Department of Medicine, McGill University, Montreal, QC, Canada.
Chest (Impact Factor: 7.13). 02/2012; 141(2 Suppl):e195S-226S. DOI: 10.1378/chest.11-2296
Source: PubMed

ABSTRACT This guideline addressed VTE prevention in hospitalized medical patients, outpatients with cancer, the chronically immobilized, long-distance travelers, and those with asymptomatic thrombophilia.
This guideline follows methods described in Methodology for the Development of Antithrombotic Therapy and Prevention of Thrombosis Guidelines: Antithrombotic Therapy and Prevention of Thrombosis, 9th ed: American College of Chest Physicians Evidence-Based Clinical Practice Guidelines in this supplement.

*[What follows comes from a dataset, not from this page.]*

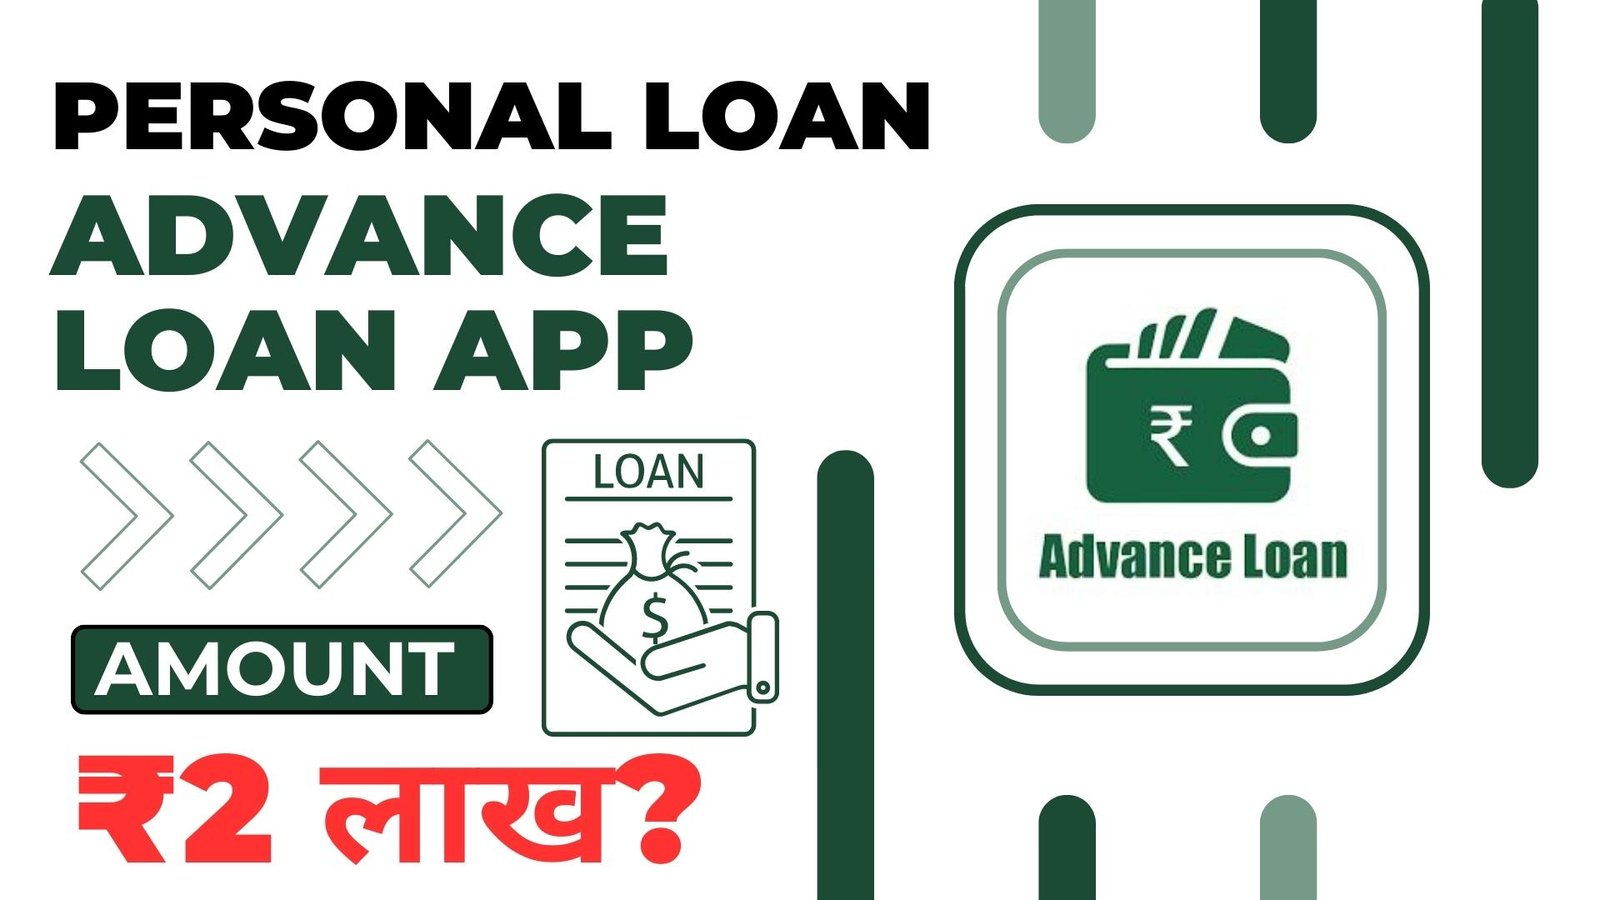 Advance Loan App Loan Amount
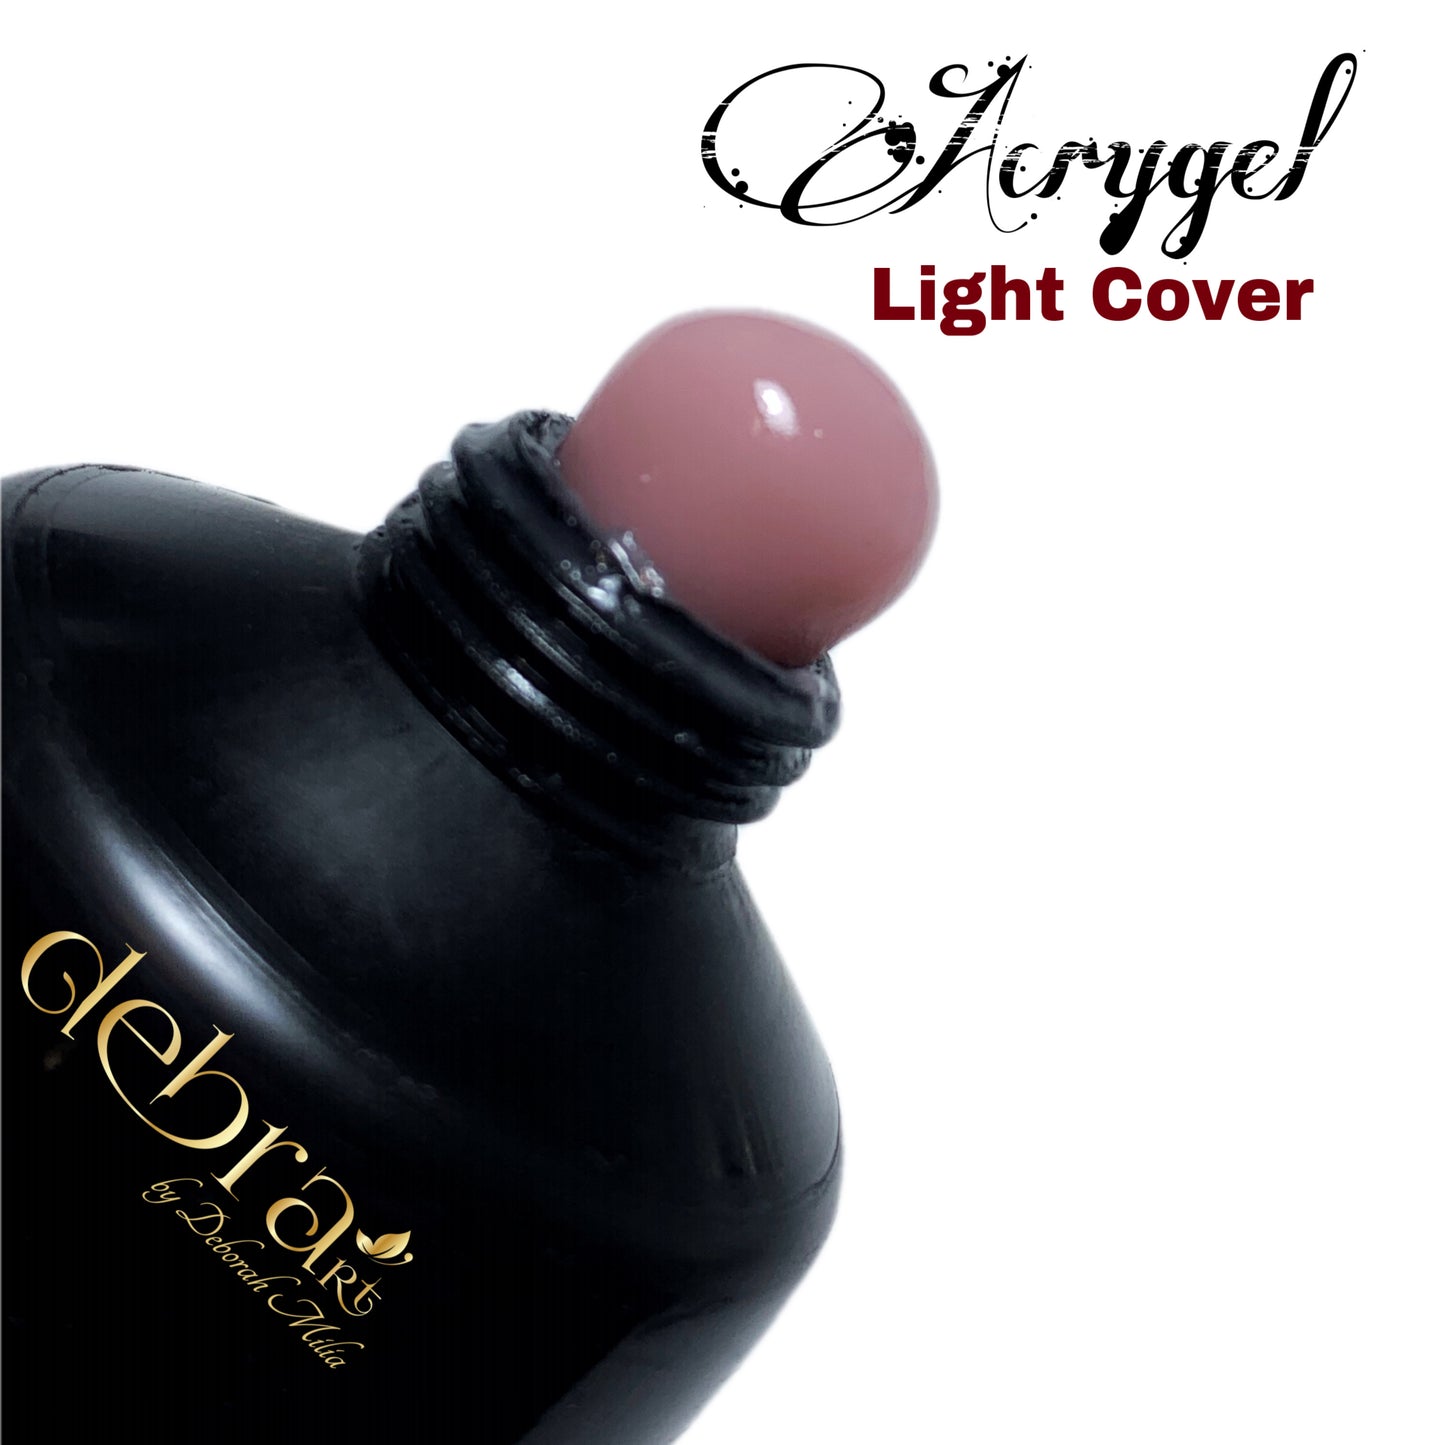 Acrygel Light Cover

For acutely ill hospitalized medical patients at increased risk of thrombosis, we recommend anticoagulant thromboprophylaxis with low-molecular-weight heparin (LMWH), low-dose unfractionated heparin (LDUH) bid, LDUH tid, or fondaparinux (Grade 1B) and suggest against extending the duration of thromboprophylaxis beyond the period of patient immobilization or acute hospital stay (Grade 2B). For acutely ill hospitalized medical patients at low risk of thrombosis, we recommend against the use of pharmacologic prophylaxis or mechanical prophylaxis (Grade 1B). For acutely ill hospitalized medical patients at increased risk of thrombosis who are bleeding or are at high risk for major bleeding, we suggest mechanical thromboprophylaxis with graduated compression stockings (GCS) (Grade 2C) or intermittent pneumatic compression (IPC) (Grade 2C). For critically ill patients, we suggest using LMWH or LDUH thromboprophylaxis (Grade 2C). For critically ill patients who are bleeding or are at high risk for major bleeding, we suggest mechanical thromboprophylaxis with GCS and/or IPC at least until the bleeding risk decreases (Grade 2C). In outpatients with cancer who have no additional risk factors for VTE we suggest against routine prophylaxis with LMWH or LDUH (Grade 2B) and recommend against the prophylactic use of vitamin K antagonists (Grade 1B).
Decisions regarding prophylaxis in nonsurgical patients should be made after consideration of risk factors for both thrombosis and bleeding, clinical context, and patients' values and preferences.